Why chop if you’re blending?

It’s one of many shortcut questions I pose to myself when I am cooking. The feature photo is my “no chop” red sauce, before I cook it.  Yes, I only VERY roughly chop the onion.

What you see there…

one large onion, four foot-long stalks of basil, oregano and rosemary, about a cup of my roasted tomatoes (see Summer Kitchen #1), five pounds of roma tomatoes, and 4 pods of large home-grown garlic with longer stalks, outer layers of husks removed. Each clove is scored (very shallow slice along the length of the clove).

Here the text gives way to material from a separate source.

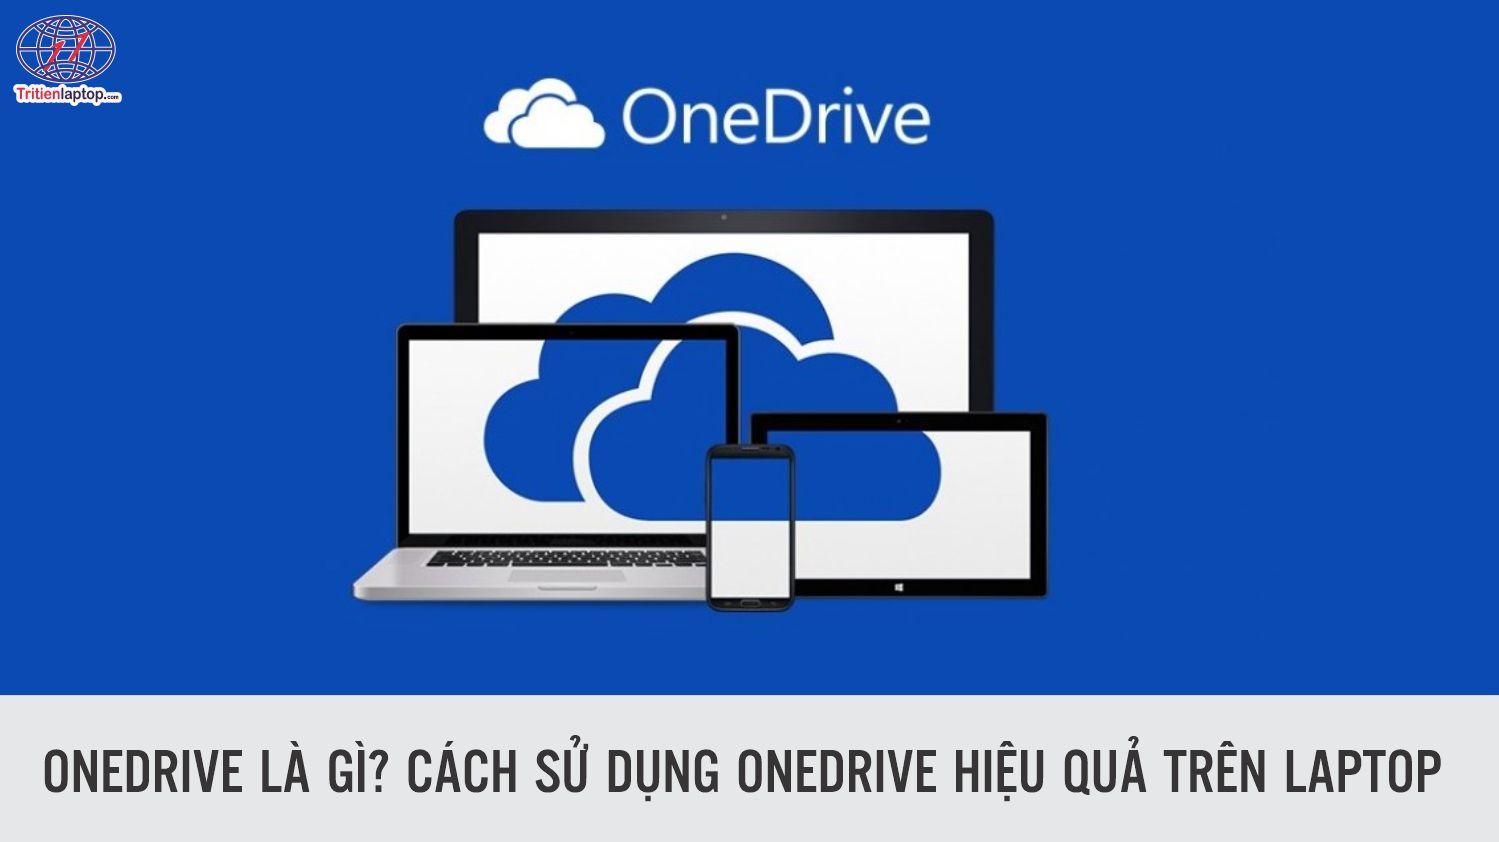 Onedrive là gì? Cách sử dụng OneDrive hiệu quả trên laptop

I put about a cup of olive oil (Partanna is my current favorite, but Filippo Berio will do) in a stock pot on medium heat to wilt the onions. Add the garlic and herbs to simmer until fragrant. Then add the tomatoes and a cup of good red wine (merlot, pinot noir… whatever was opened a few days ago and needs to be used up). Cover and simmer with lower heat for about two hours, more is fine, just keep the heat down. Wait! I forgot to put the home-grown cayenne pepper (about a teaspoon) into the picture. That goes in with the tomatoes. Now, do the long simmer.

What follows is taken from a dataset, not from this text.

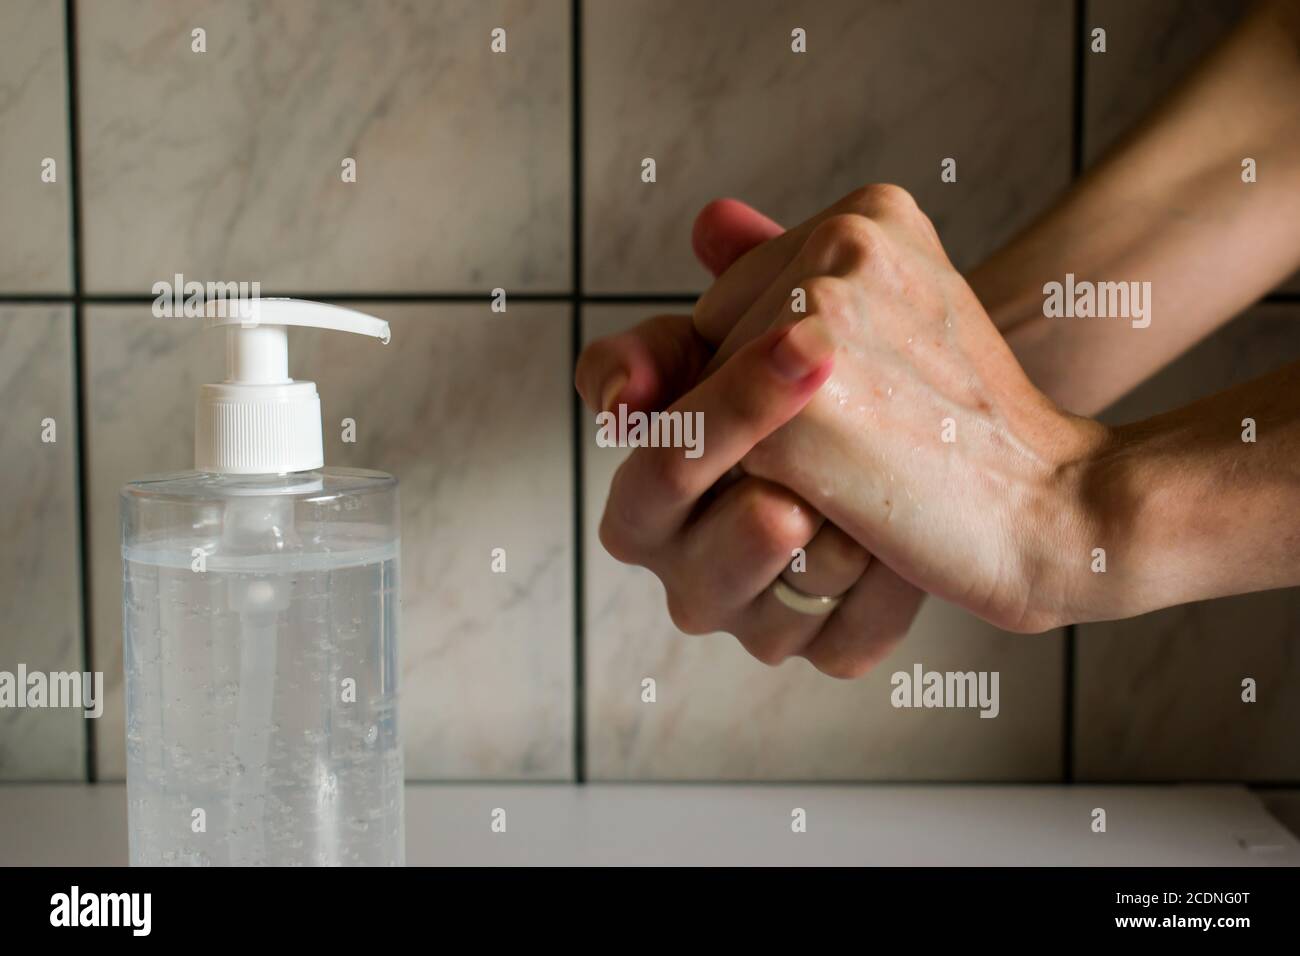 Donna che usa l'igienizzatore per le mani. L'azione di strofinare l'igienizzatore per le mani su entrambe le mani. Foto Stock

After a while, the kitchen aroma will make you hungry for orecchiette bolognese, or maybe sausage and peppers  tucked in a soft Italian hoagie. It is time to take out the bare herb stalks, hold the garlic stalks with small tongs and nudge the creamy soft garlic cloves into the sauce, then use your immersion blender to puree the whole pot of ruby red lusciousness!  Adjust for salt. Put it up in assorted canning jars (sterilized, along with their lids). This batch made 4 quarts and two pints. Freeze or fridge them.

This is a sample of my jars of red sauce, surrounded by a collection of odd squash that showed up in my garden this Fall.

Summer flavors will burst on the scene whenever you wish during the winter months!